| Given information |
=====

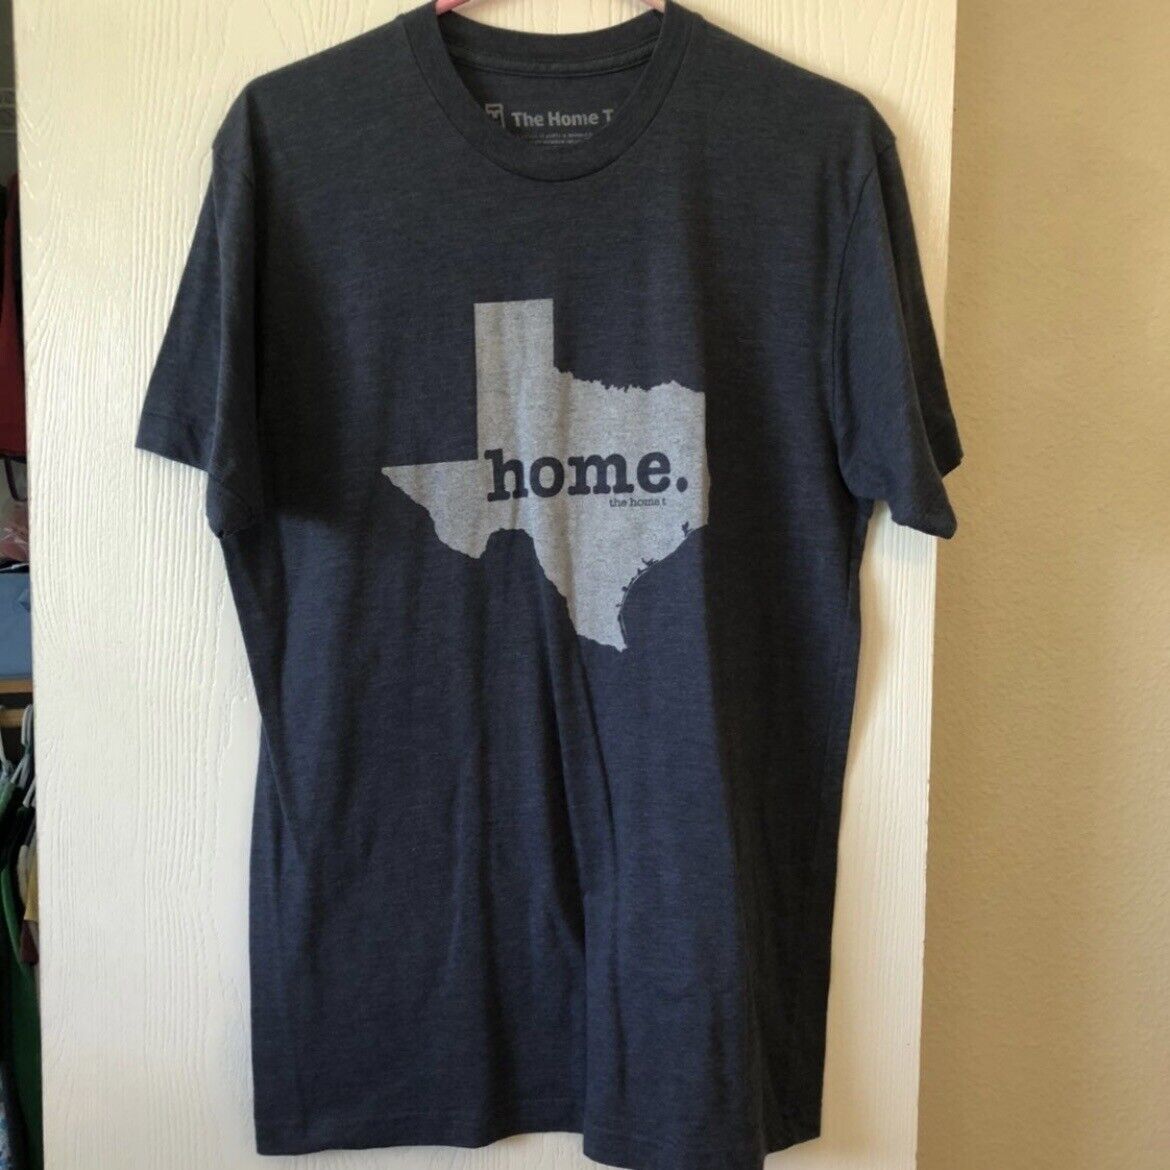 The Home T - Texas - Medium - image 1
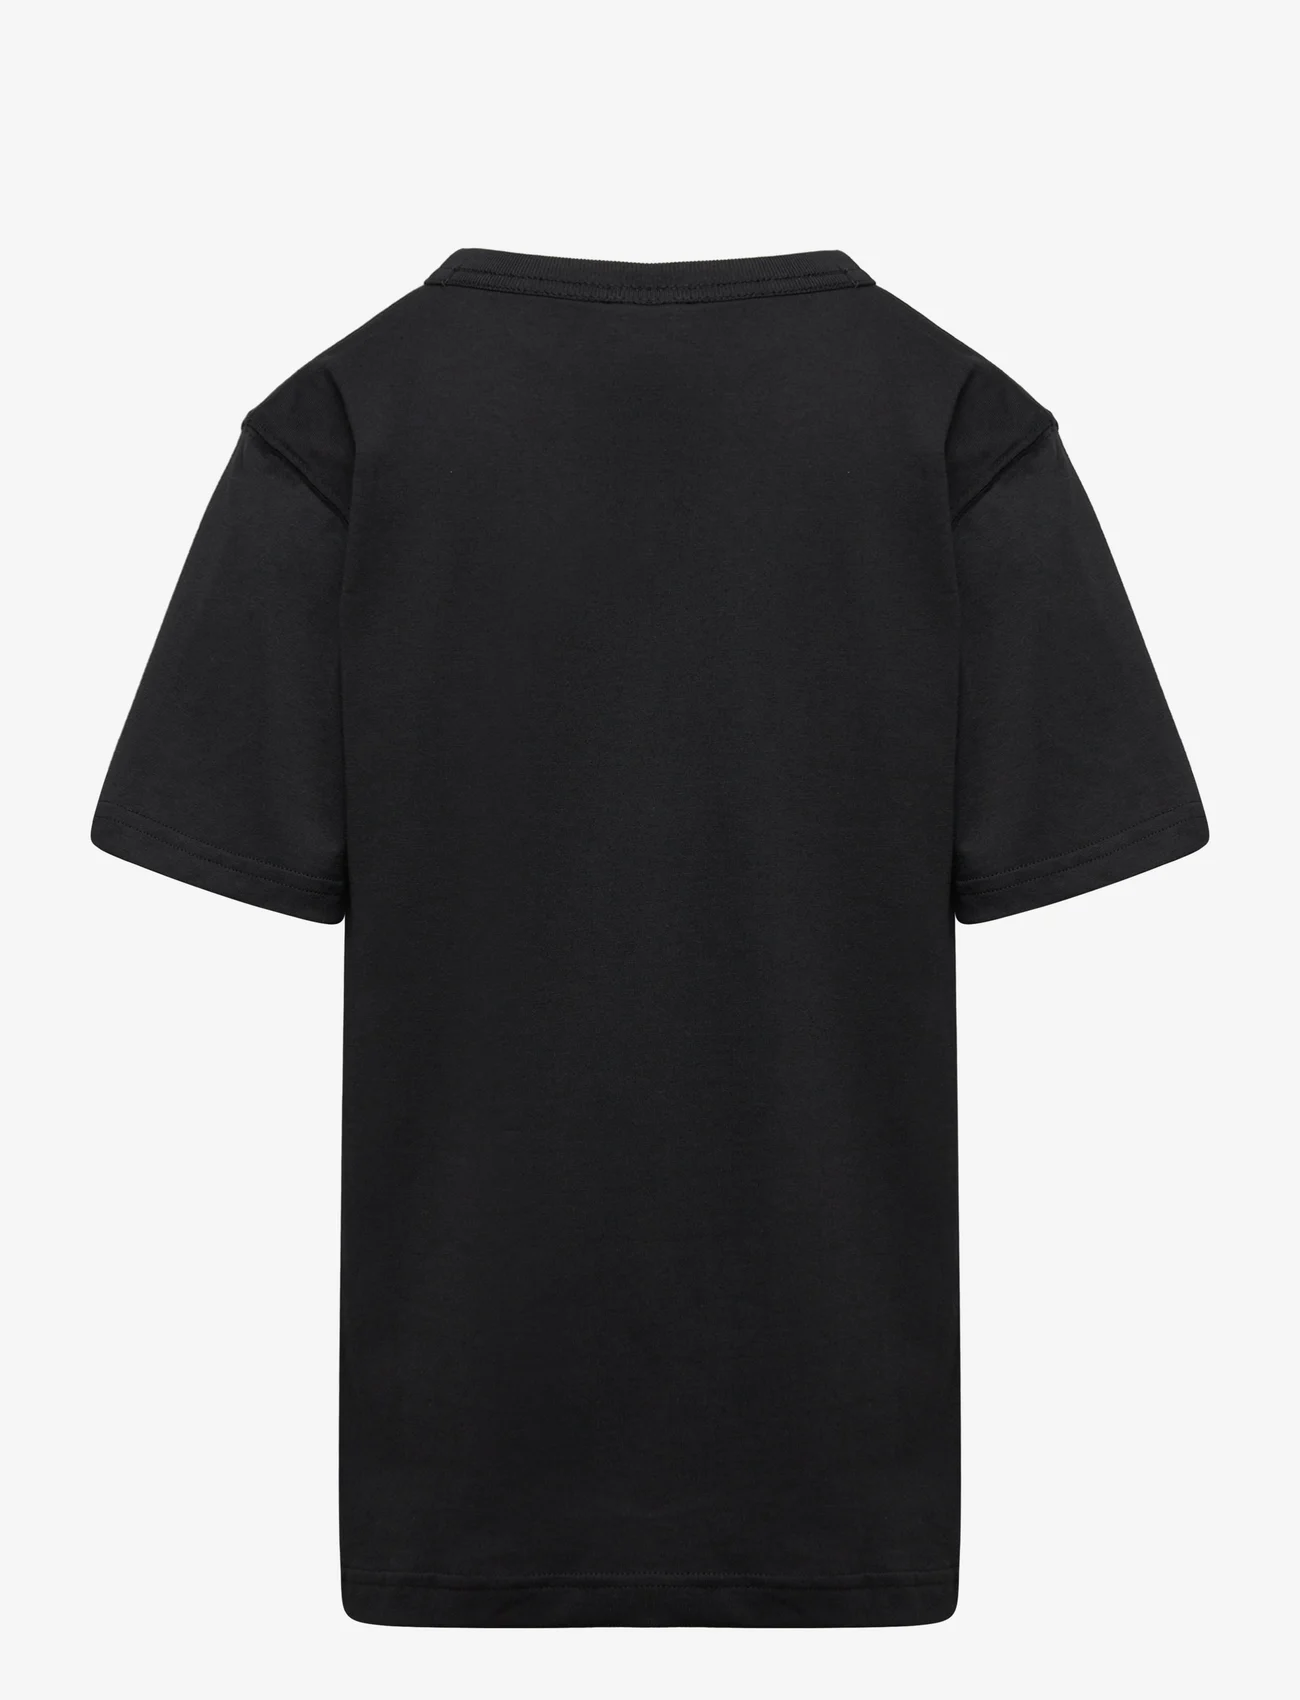 New Balance - NB Essentials Logo Tee - short-sleeved t-shirts - black - 1
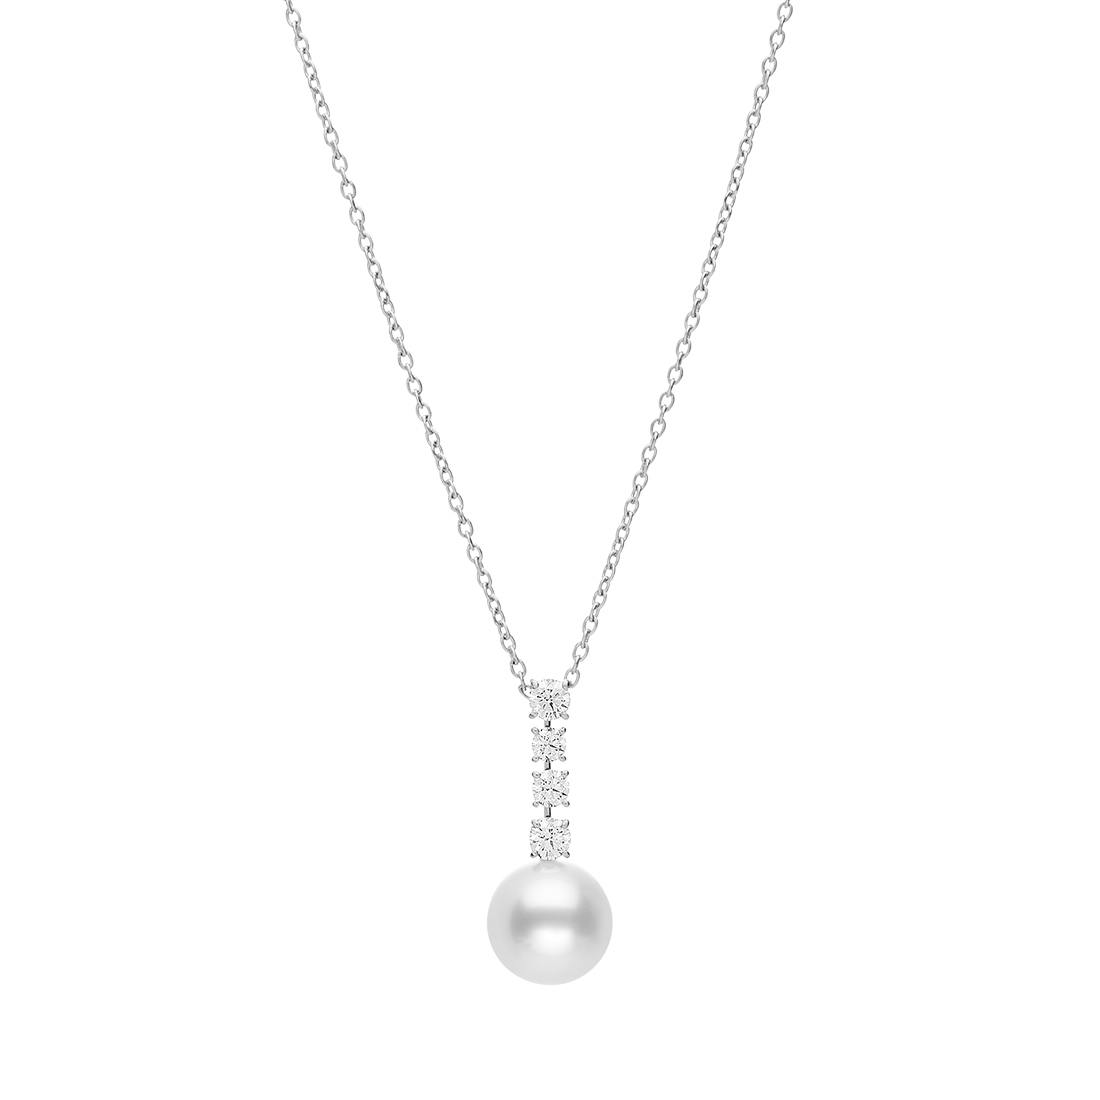 Mikimoto 12mm "A+" White South Sea Pearl and Diamond Drop Pendant Necklace
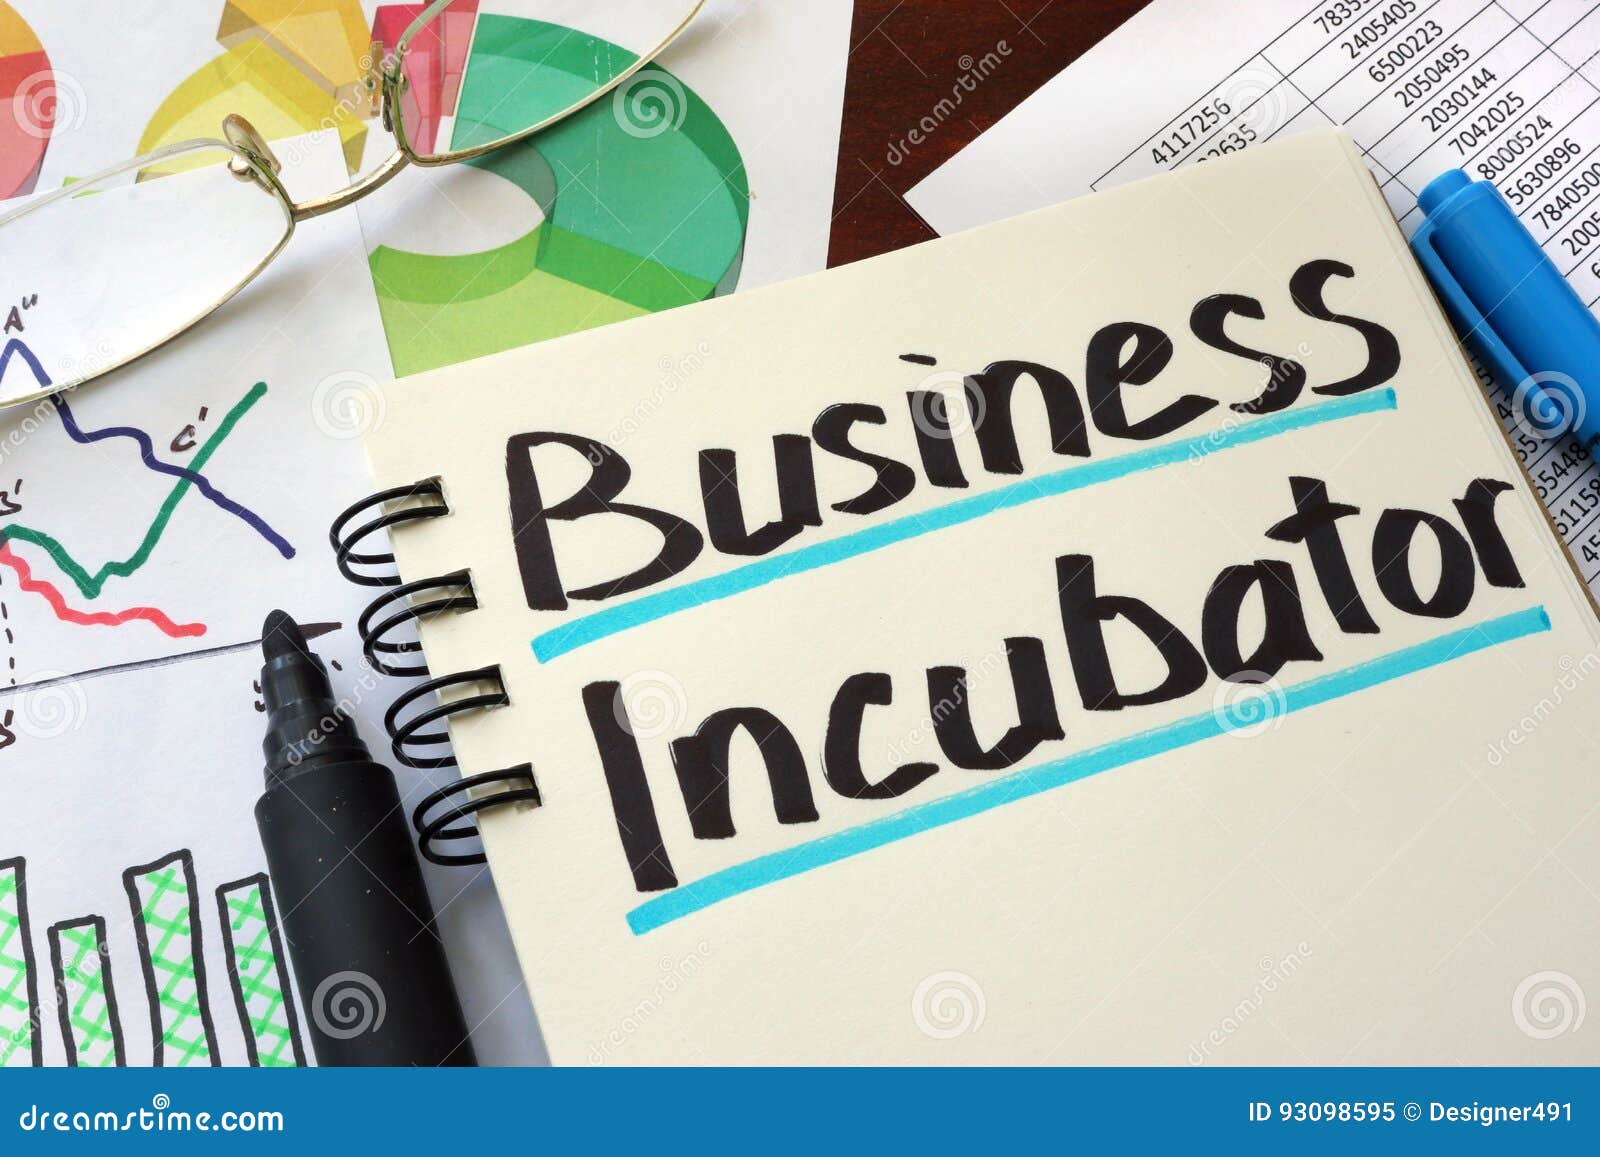 business incubator

=====

| Task details |
Word for word, restate the whole listing and drop the images.

| Solution to this problem |
 The Home T - Texas - Medium - image 1
 New Balance - NB Essentials Logo Tee - short-sleeved t-shirts - black - 1
 Mikimoto 12mm "A+" White South Sea Pearl and Diamond Drop Pendant Necklace
 business incubator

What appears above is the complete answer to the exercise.